A very central, very interesting thing that many seem to agree on, :
The fundamental fact about the young Jesus -- indeed, about Jesus at any age -- is that he was, as Geza Vermes recently observed, "a Jew and not a Christian." Vermes is a distinguished Jewish historian at Oxford University and an expert on the Dead Sea scrolls. He notes that Jesus was raised in Galilee and spent almost all of his life there (far, in those days, from the religious niceties of Jerusalem), where a sturdy if unsophisticated kind of Judaism was practiced. Jesus was circumcised as a Jew, lived as a Jew, prayed as a Jew, performed Jewish rituals, and spoke in Aramaic to his fellow Jews in terms that they and he would understand. All of this is presented frankly in the Gospels, though Christian scholars for centuries were not disposed to make very much of it. Jesus was inextricably a part of the early- first-century Jewish world. Then as now the Jewish world was large and diverse. Some eight million Jews inhabited the Roman empire, accounting for as many as ten percent of those who rendered unto Caesar.
Specifically on the (allegedly indisputable ) matter of the Resurrection, there is this:
There are no eyewitness accounts in the Gospels of the Resurrection, and certainly nothing to justify the common portrayal of that event in devotional art: as the great boulder rolls away, Jesus, clad in a winding sheet, blazes forth in glory from his grave.

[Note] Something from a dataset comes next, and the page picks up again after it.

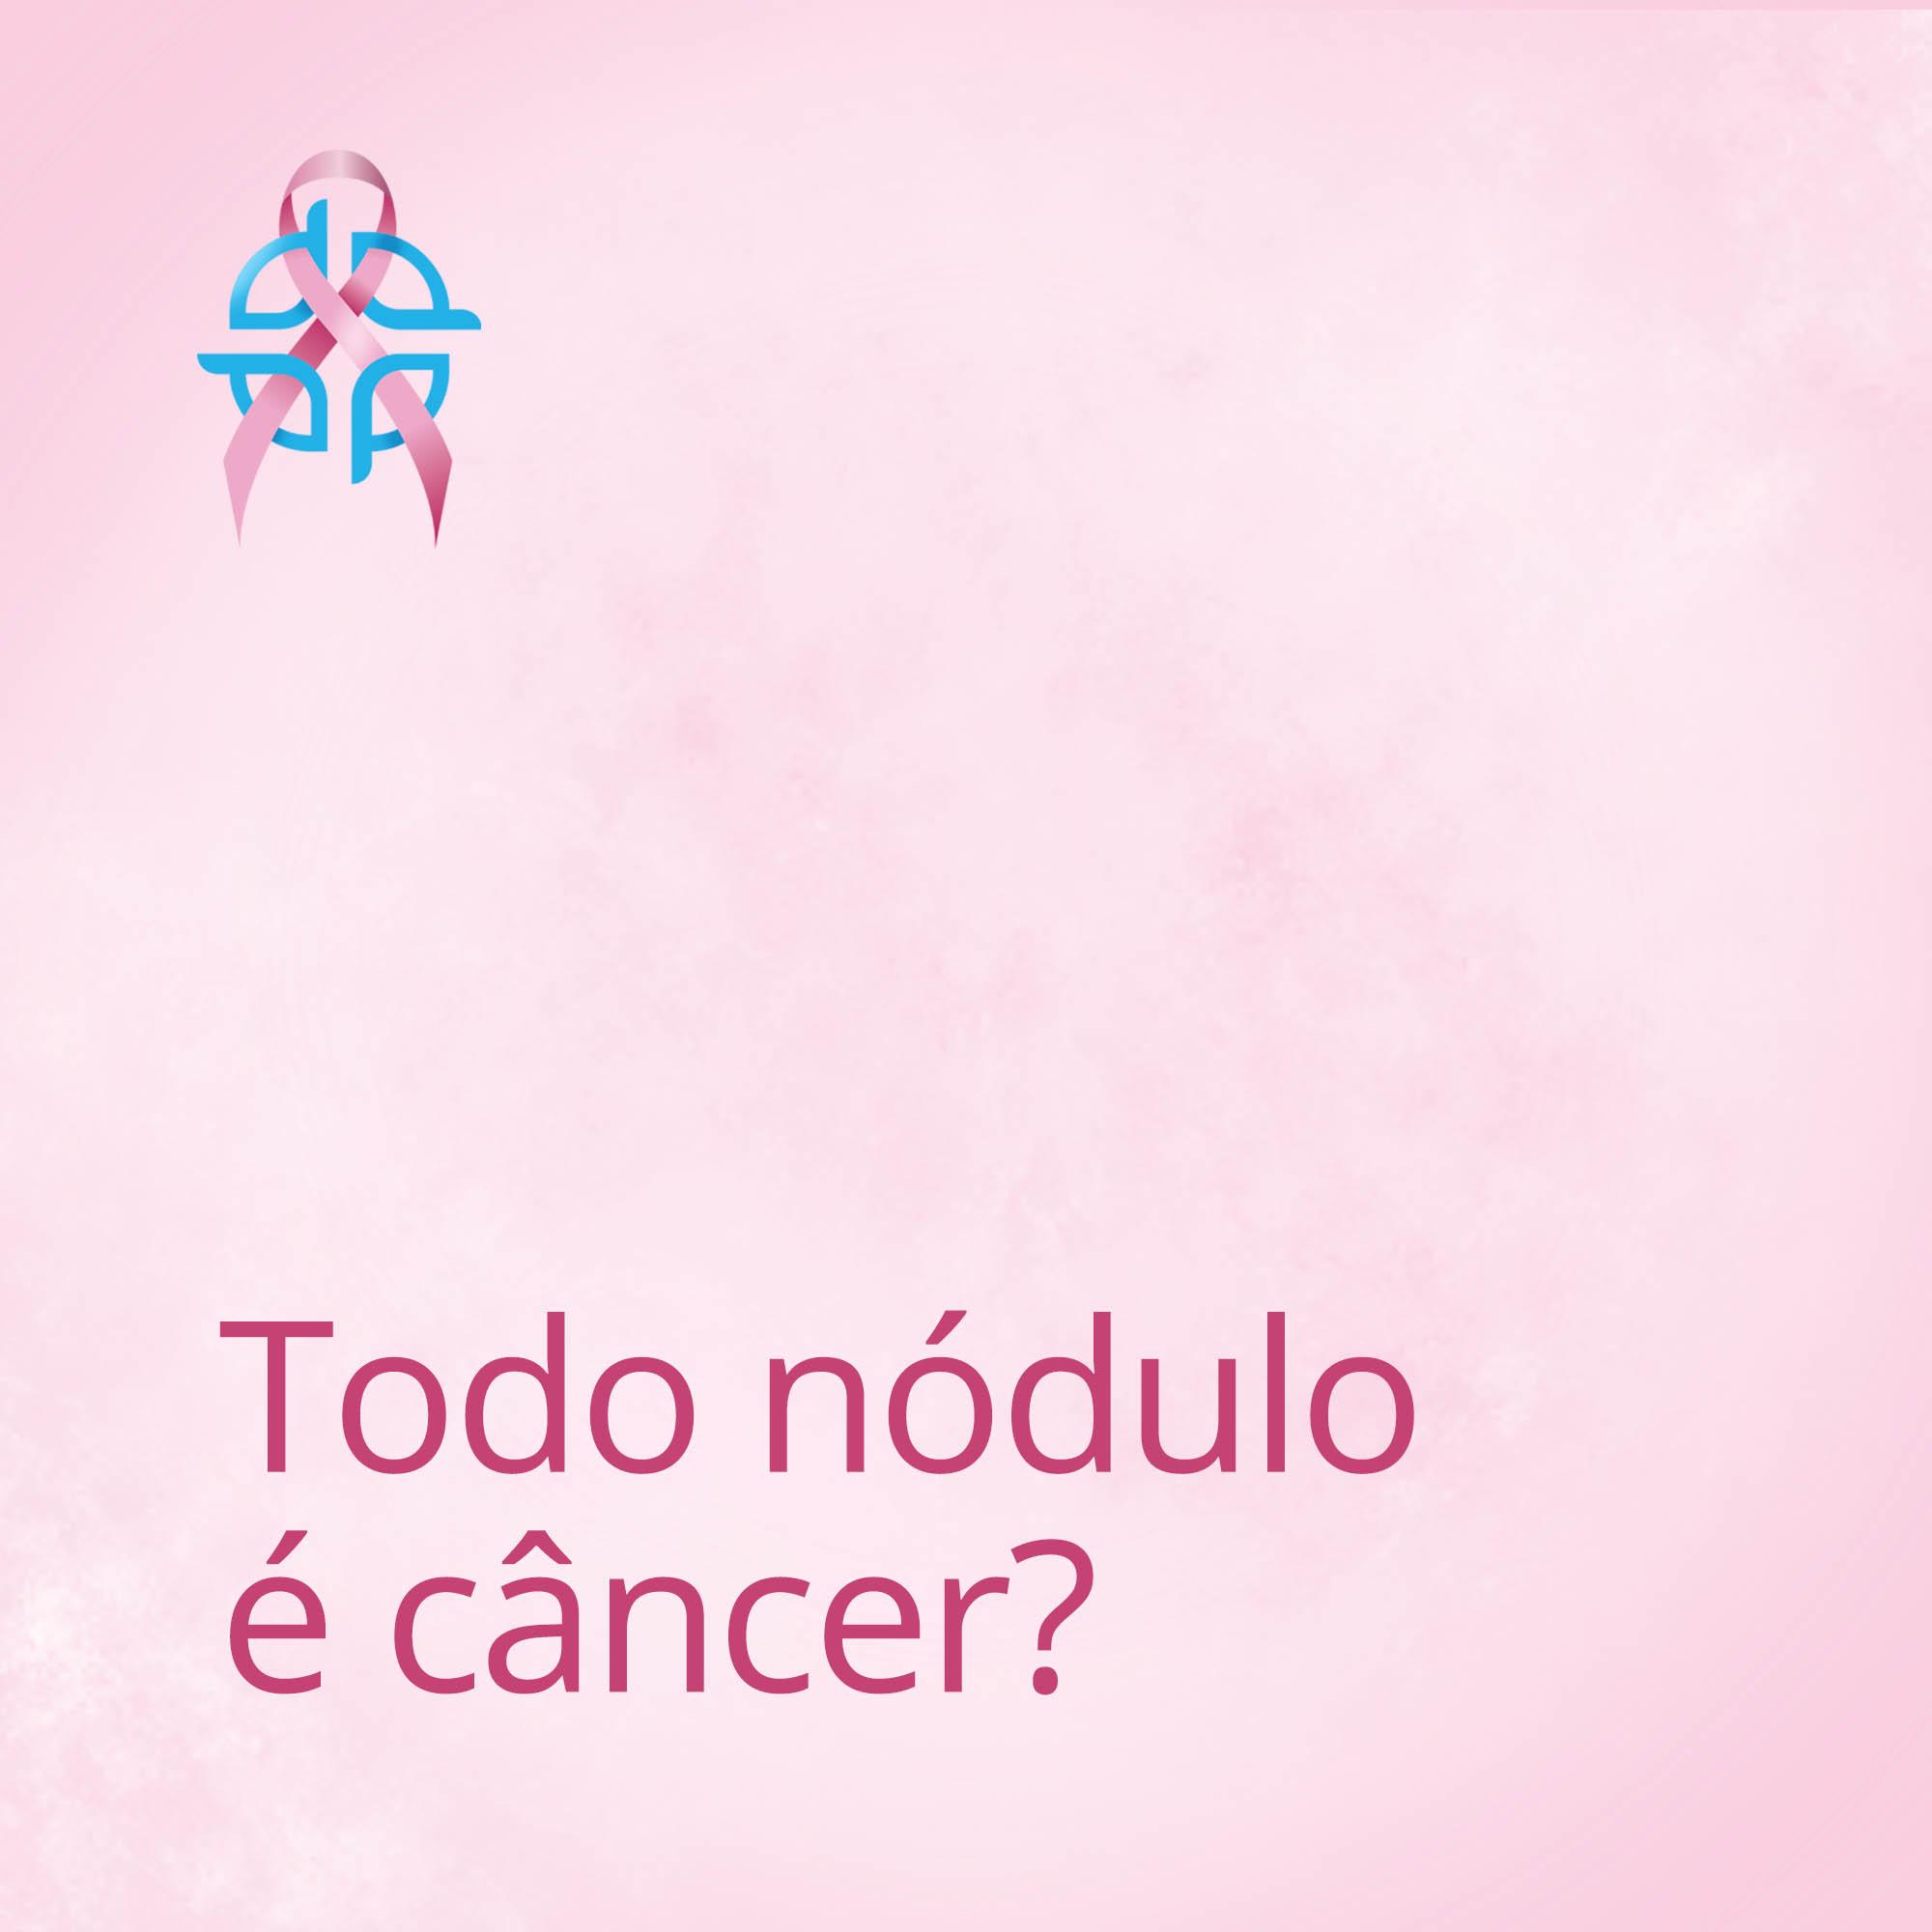 Todo nódulo é câncer?

What one does find in some of the Gospels are divergent accounts of various people visiting Jesus's tomb and finding it empty These are thought by Schillebeeckx and others to reflect an ancient pilgrimage tradition. In the decades between the death of Jesus and the writing of the Gospels, Christians visiting Jerusalem were shown an "empty tomb" as a devotional aid; the empty-tomb tradition was then incorporated into the Gospel texts. Far from being a proof of the Resurrection, the stories of an empty tomb reflect the practice of people who already believed.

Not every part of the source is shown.